Significantly, the ALJ found that "[Wayne] Dey understood" that this September 30 offer to bargain "would have opened the entire transfer of work issue for discussion." 359 N.L.R.B. No. 156, at 20 (ALJ opinion). The Board gave no reason for rejecting this finding of fact, and we see none. Therefore, we accept that on September 30, the union had an opportunity to bargain about the work transfer and declined to do so.
In short, "in the light of all the circumstances," the union had the "reasonable opportunity" to bargain about the work transfer at least on September 30, and probably as early as July 9. Rose Arbor Manor, 242 N.L.R.B. 795, 798 (1979). The union either waived its right to bargain entirely or insisted on its position until the parties reached an impasse. Either way, after bargaining failed the company had the right to unilaterally transfer the work.
We therefore grant the petition for review and deny the application for enforcement of all aspects of the Board's order addressing the company's decision to transfer material hauling work.

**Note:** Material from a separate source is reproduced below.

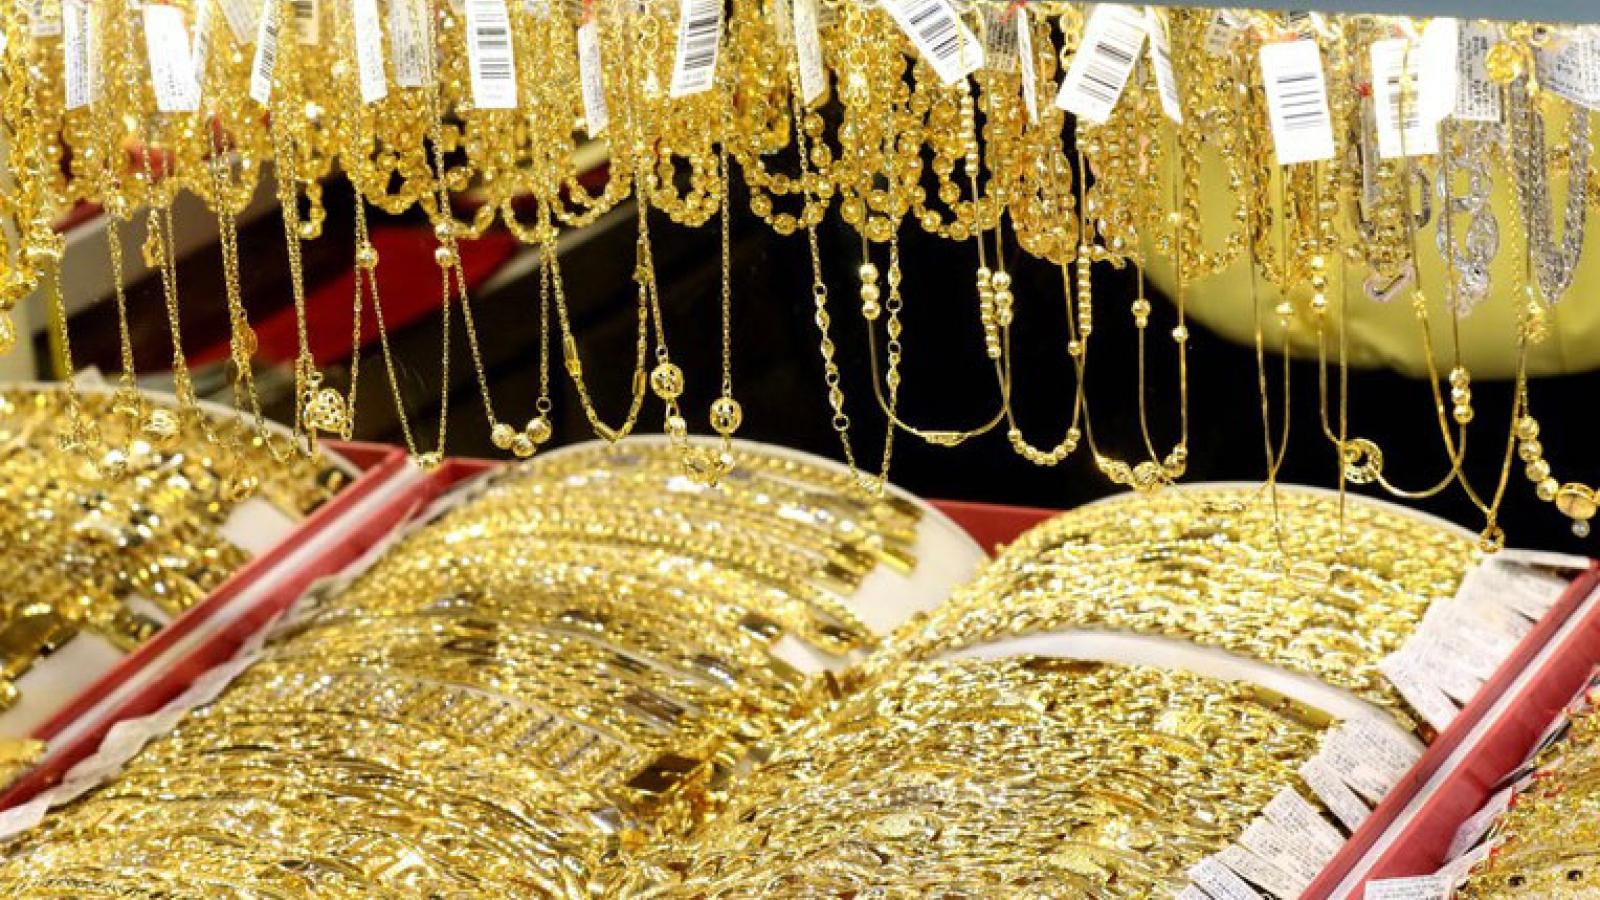 Giá vàng trong nước đảo chiều tăng trong ngày bầu cử Tổng thống Mỹ

There is one collateral matter we need to address. The union filed a second unfair labor practices charge alleging that the company improperly changed the affiliation of two sweeper truck drivers from the Teamsters union to the Laborers union. Such an action is at least a work transfer, if not a change in the bargaining unit, and thus Aggregate was obligated to bargain about it. Aggregate admits that it made this change without consulting or even notifying the Teamsters. The company argues that this was proper because if two unions are engaged in a jurisdictional dispute, an employer may make such a change without consulting the union. See J.L. Allen Co., 199 N.L.R.B. 675, 675-76 (1972). But there was no jurisdictional dispute here. The ALJ credited the testimony of Aggregate's transportation manager, who "denied that the Laborers [had] ever demanded that its members perform [Aggregate's] sweeper driver job duties." 359 N.L.R.B. No. 156, at 23 (ALJ opinion). This credibility determination was reasonable, and it was certainly not "hopelessly incredible." Capital Cleaning Contractors, Inc. v. NLRB, 147 F.3d 999, 1004 (D.C. Cir. 1998). The company also engaged in unlawful direct dealing by negotiating with these employees in the absence of a jurisdictional dispute. On these points, we deny the petition for review and grant the application for enforcement.
So ordered.
Incidentally, the ALJ agreed with the union's interpretation of the old administration's agreement. We need not decide whether the ALJ was correct on this point. If the old administration had agreed to transfer hauling to construction sites, this would mean that the company could make the change without bargaining at all. But the company did bargain, and it did reach impasse, so it could make the change unilaterally regardless whether the agreement with the old administration specifically allowed it to do so.